ROS 2 Over Email: rmw_email, an Actual Working RMW Implementation
September 19, 2021
Reading time ~13 minutes
tl;dr ROS 2's architecture allows for using almost any middleware, as long as it's done through RMW, the middleware interface. rmw_email contains a middleware that sends & receives strings over email and an RMW implementation that allows ROS 2 to use this middleware to exchange messages. While it's certainly not a production-level middleware, it provides interesting insight into the pros and cons of ROS 2's architecture. Abstractions definitely have a cost, but they're also quite powerful: they allow ROS 2 to run over email without needing to modify it at all!
- Introduction
- Motivation
- Overview
- The components of a working(ish) RMW implementation
- Demo
- Performance
- Tracing
- Limitations and future work
- Conclusion
- Links
- Update (2022-05-07)
- References
Introduction
ROS 2’s architecture and underlying middleware are vastly different from ROS 1’s, in part because ROS 2 is targeted at real-time distributed applications. The middleware interface, rmw
, is an abstraction that allows ROS 2 to support multiple different middleware implementations. On top of that, there’s rcl
, which provides a common implementation in C to support client libraries for any language. Finally, there’s rclcpp
and rclpy
, the C++ and Python client libraries, respectively. While there definitely are downsides to these abstractions and interfaces, this architecture is very powerful.
In this post, I’ll present rmw_email, which allows ROS 2 to exchange messages using emails.
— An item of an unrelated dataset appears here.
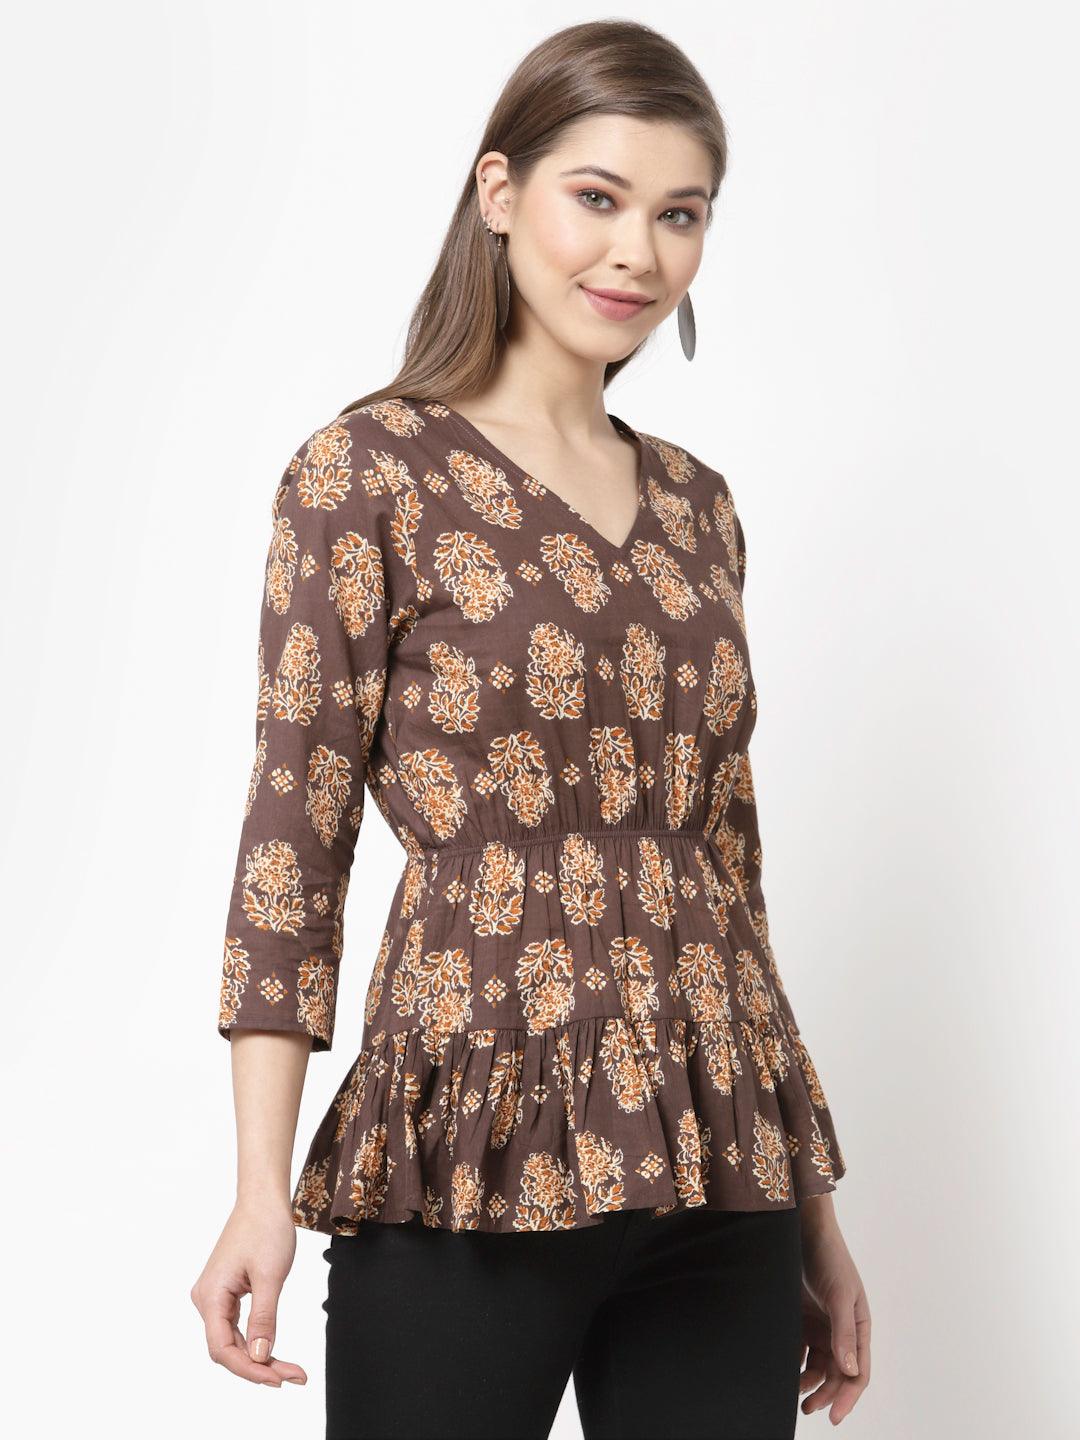 Women Brown Printed Cotton Top by Myshka (1 Pc Set) - Indiakreations

I’ll start by explaining the motivation behind rmw_email. Then I’ll provide an overview and explain how each component works. After that, I’ll show a couple of demos and present the results of performance experiments. Finally, I’ll briefly discuss limitations and possible future work, and then I’ll conclude.
Motivation
The main motivation for rmw_email was my master’s. I got the high-level idea for this in June of 2020. At that point, I had been working on and around ROS 2 for about a year. I had interacted a lot more with the higher levels of the ROS 2 architecture (rclcpp
, rcl
) while working on ros2_tracing
, so I wanted to dig deeper into the middleware level and below (rmw
, DDS/other middleware).
I was also seeing some interesting discussions involving middlewares and the middleware interface. Developers of real-time applications (e.g., automotive) wanted to expose middleware features that were rather DDS-specific through rmw
. This could possibly make the abstraction “leak,” thereby breaking it at least slightly. Of course, it’s a tradeoff between maintaining the abstraction itself to keep the benefits vs. making ROS 2 more powerful by allowing users to leverage advanced middleware features and possibly reducing the costs of the abstraction and the general overhead of ROS 2. [1, 2]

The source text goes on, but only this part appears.